Sentence embeddings are a key part of many NLP pipelines. Finding good representations is essential for machine learning - without good representations, we can’t fit models properly to our data. For some empirical justification that representations matter, we can look at computer vision. For some applications converting the color space from RGB to LAB increases the accuracy of deep neural networks [1], even though it’s the exact same data.

My work this summer can be broken down into three main categories:

  1. Comparing sentence embedding techniques on real-world data.
  2. Trying different fine-tuning approaches.
  3. Trying to combine BERT with a contrastive loss.

I just want to make a huge disclaimer here that these results are not rigorous at all and were mainly used to evaluate the feasibility of different approaches, and not as concrete baselines.

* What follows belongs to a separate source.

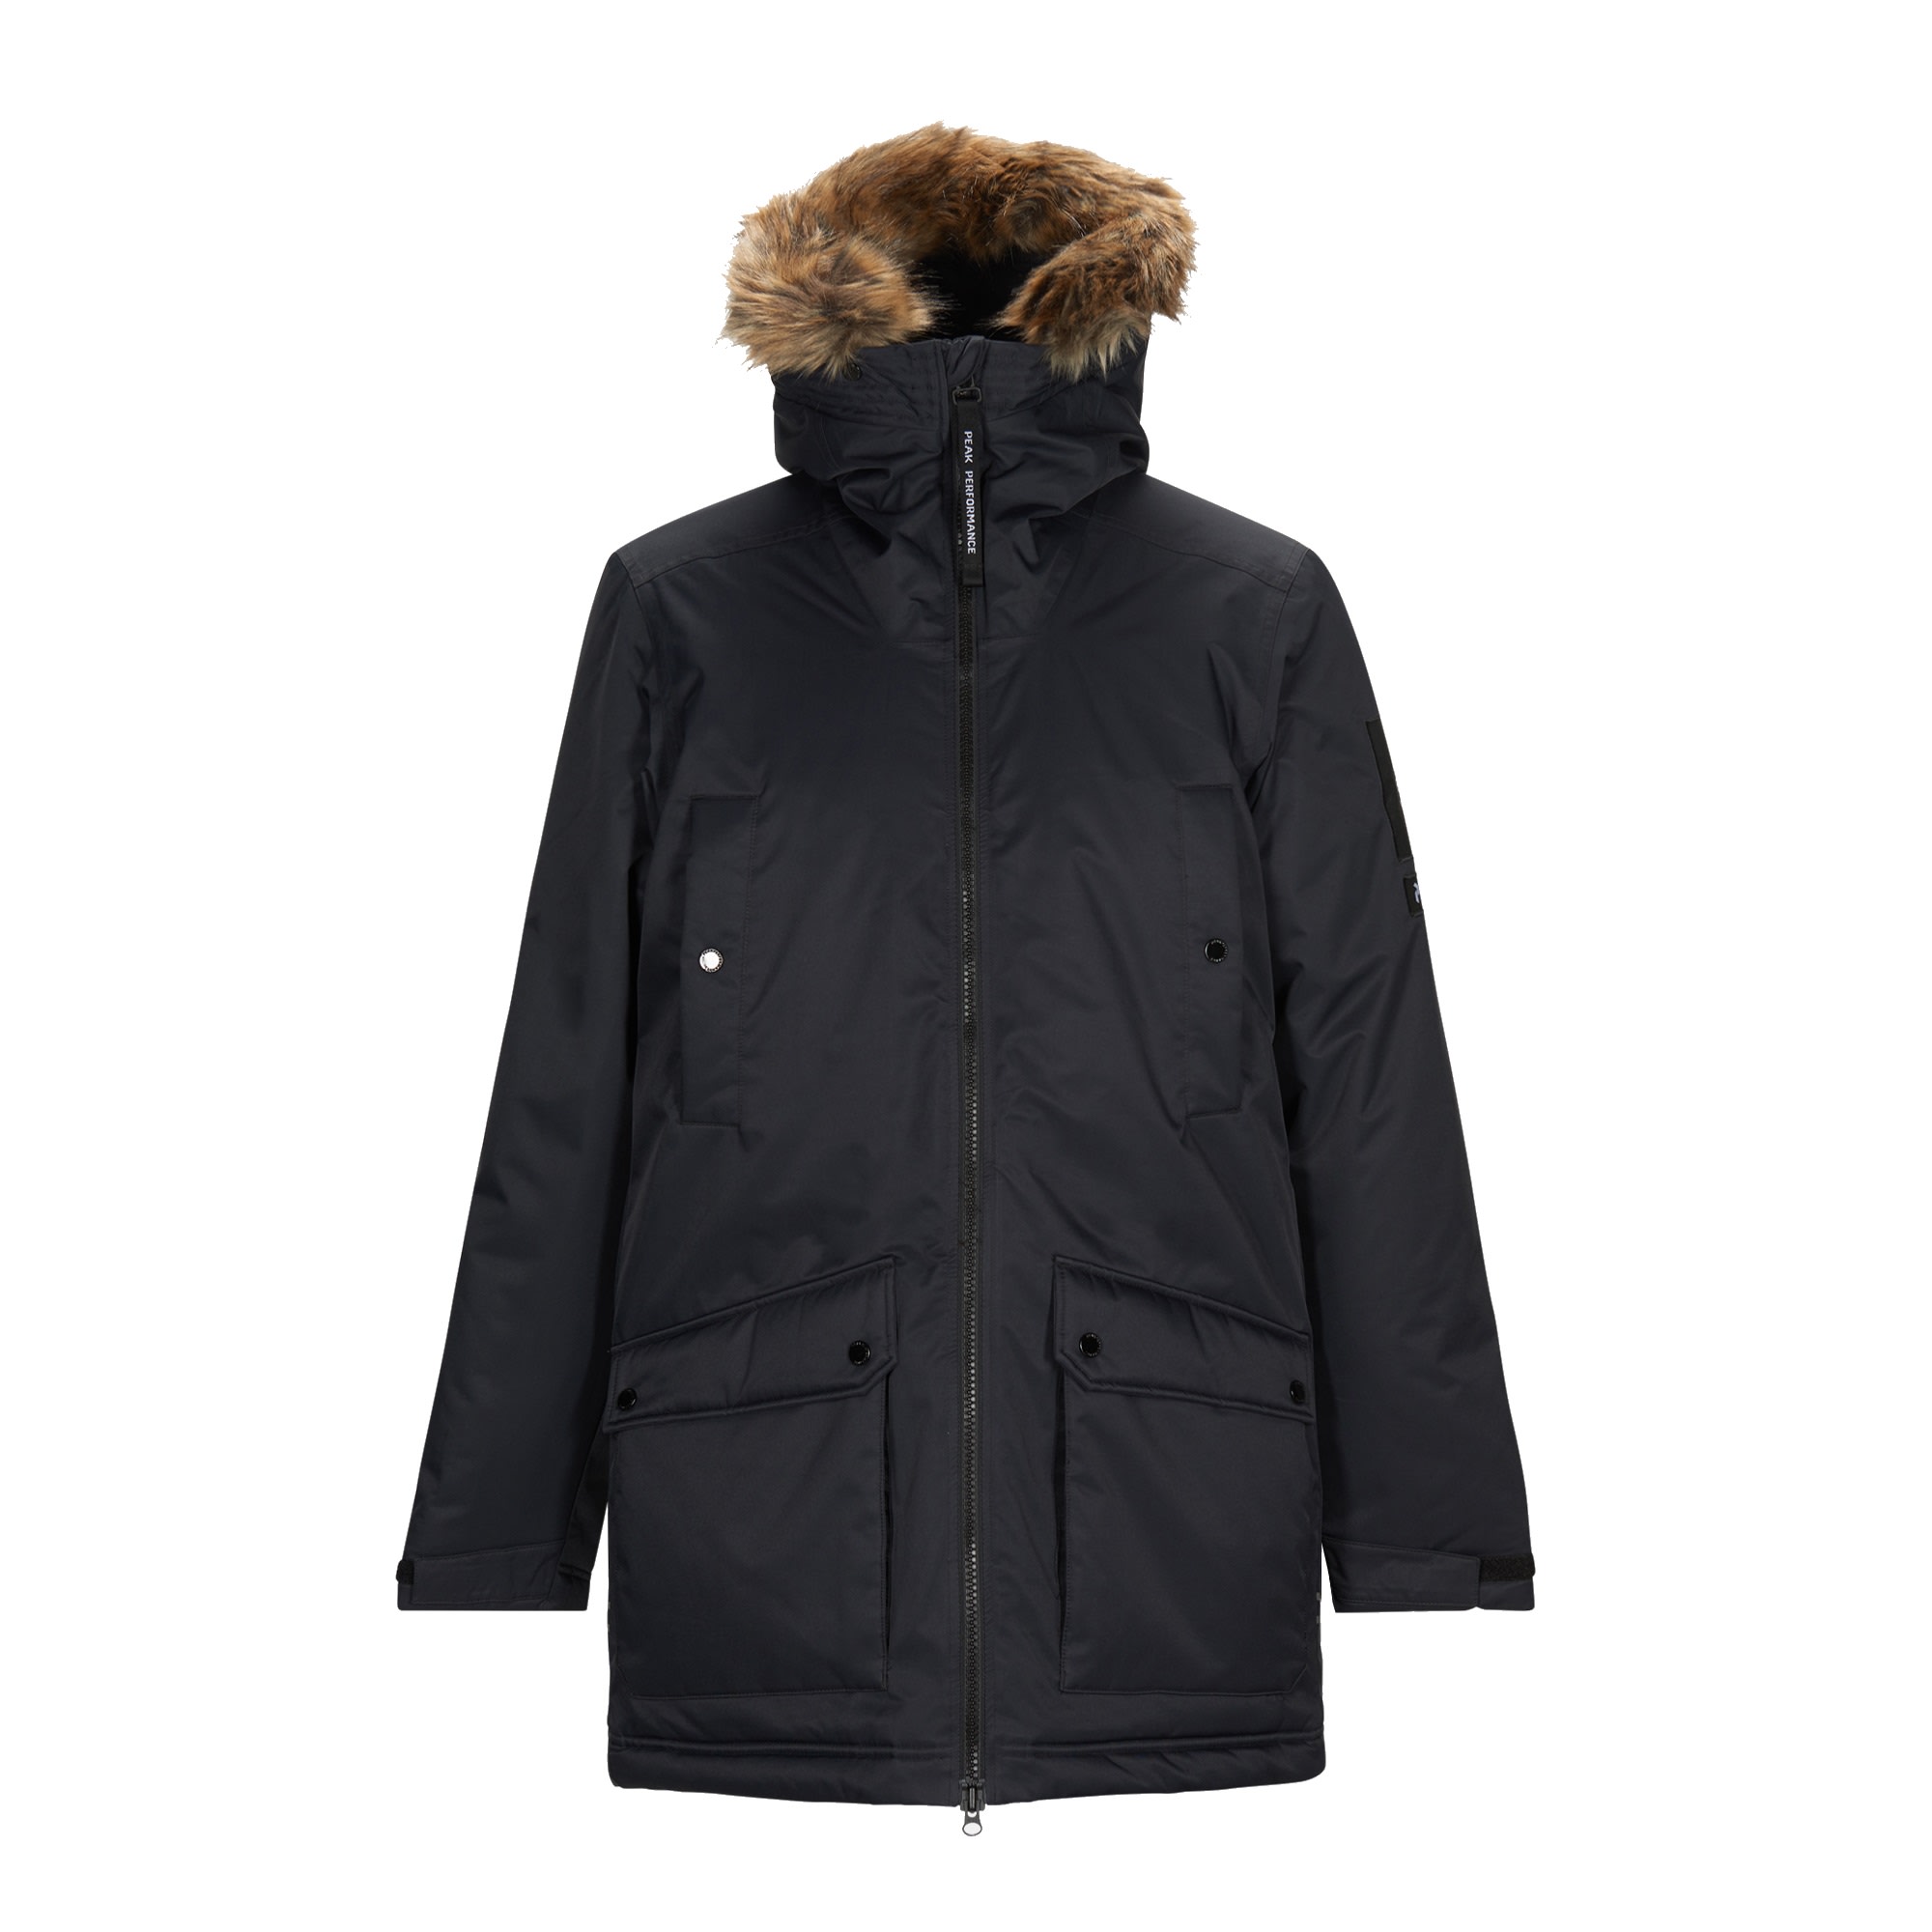 Buy Peak Performance Men's Local Parka from Outnorth

Also I want to thank Professor Kai-Wei Chang and my research partner Di Qu, who were both very helpful.

Comparing different sentence embeddings on industry data

Taboola graciously provided several news datasets, which I used to compare several different embedding techniques.

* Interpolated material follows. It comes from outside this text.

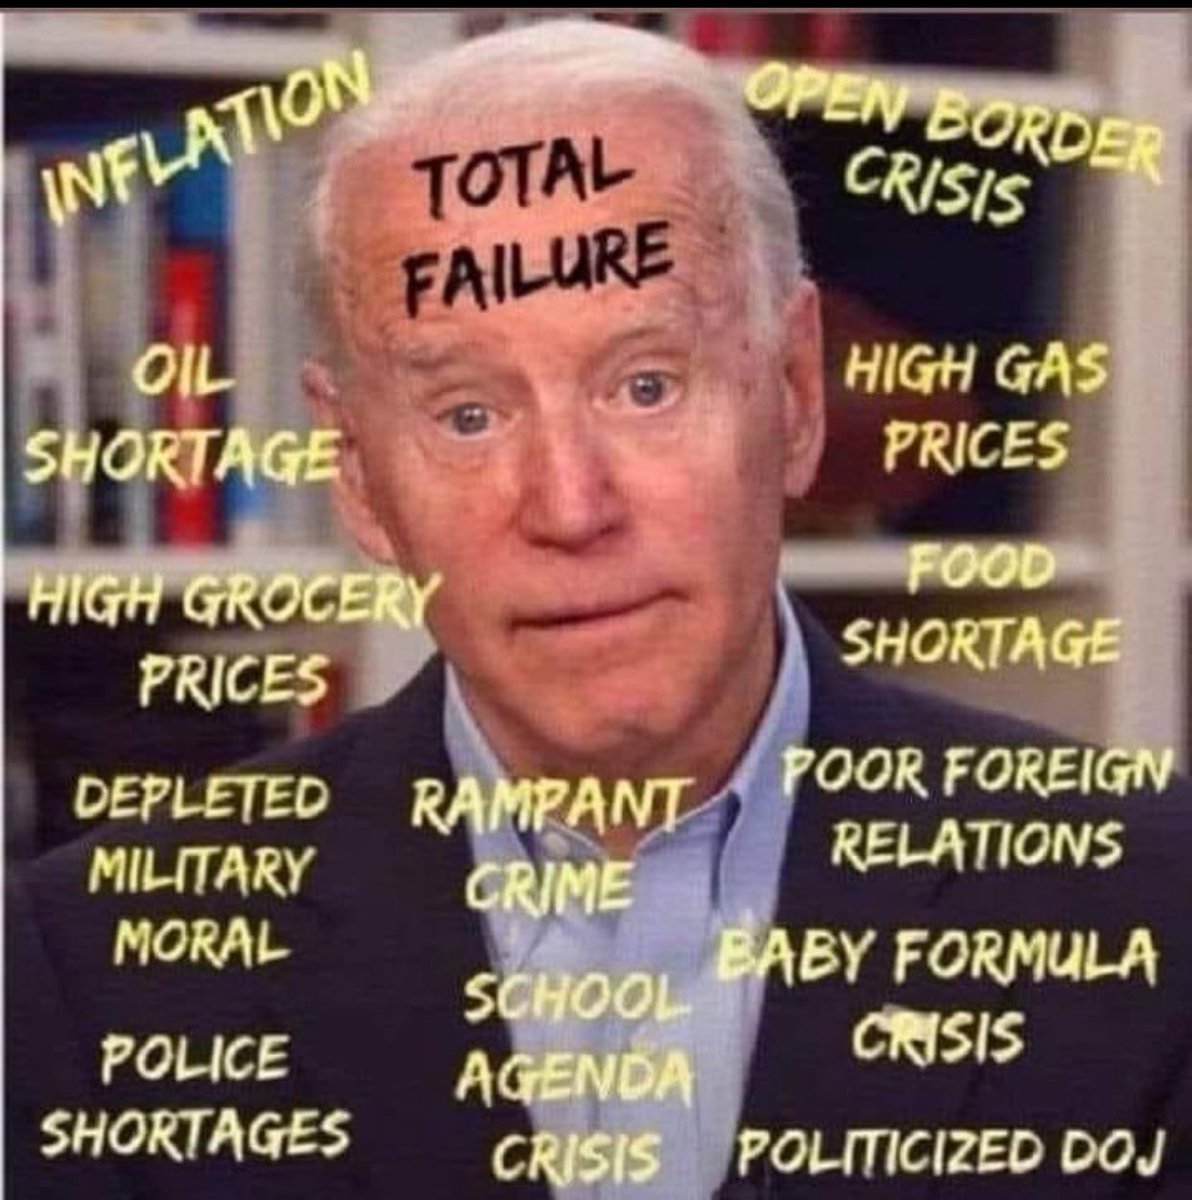 This is who President Trump will be debating…… A TOTAL FAILURE.

The first dataset the provided consisted of the first sentence of news articles, as well as extracted entities in free form text, along with a taxonomy (think news/politics/us/iraq-war). The second dataset also consisted of a short blurb from the article, but this time instead of the taxonomy, we had the section label - which corresponds to the section of the website where the article was found - something like Women's Health. The top-level taxonomy dataset was around 2M lines, while the section dataset contained ~30k lines.

Taboola provided a doc2vec model as a baseline, which was their current production model. I compared the performance of two different models:

  • QuickThoughts[2] - a discriminative sentence representation approach. Quickthoughts uses contrastive learning and mines related samples by taking samples close together as semantically similar, while sentence that are far apart are considered semantically dissimiliar. It is trained on the BookCorpus dataset, which is around 68 million lines. Quickthoughts relies on two encoders, which in this case were bidirectional GRU-RNNs. At evaluation time we usually either average, concatenate, or discard one of the encoders. For all my runs the two encodings were averaged together.
  • BERT[3] - a deep transformer language model that has set several SOTA benchmarks. BERT is pretrained by masking a certain percentage of tokens, and asking the model to predict the masked tokens. There is also a next sentence prediction task, where a pair of sentences are fed into BERT and BERT is asked to determine whether these two sentences are related or not. This NSP task is very similar to the QT learning objective. To get sentence embeddings, we can take the mean of all the contextualized word vectors or take the CLS token if the model has been fine-tuned.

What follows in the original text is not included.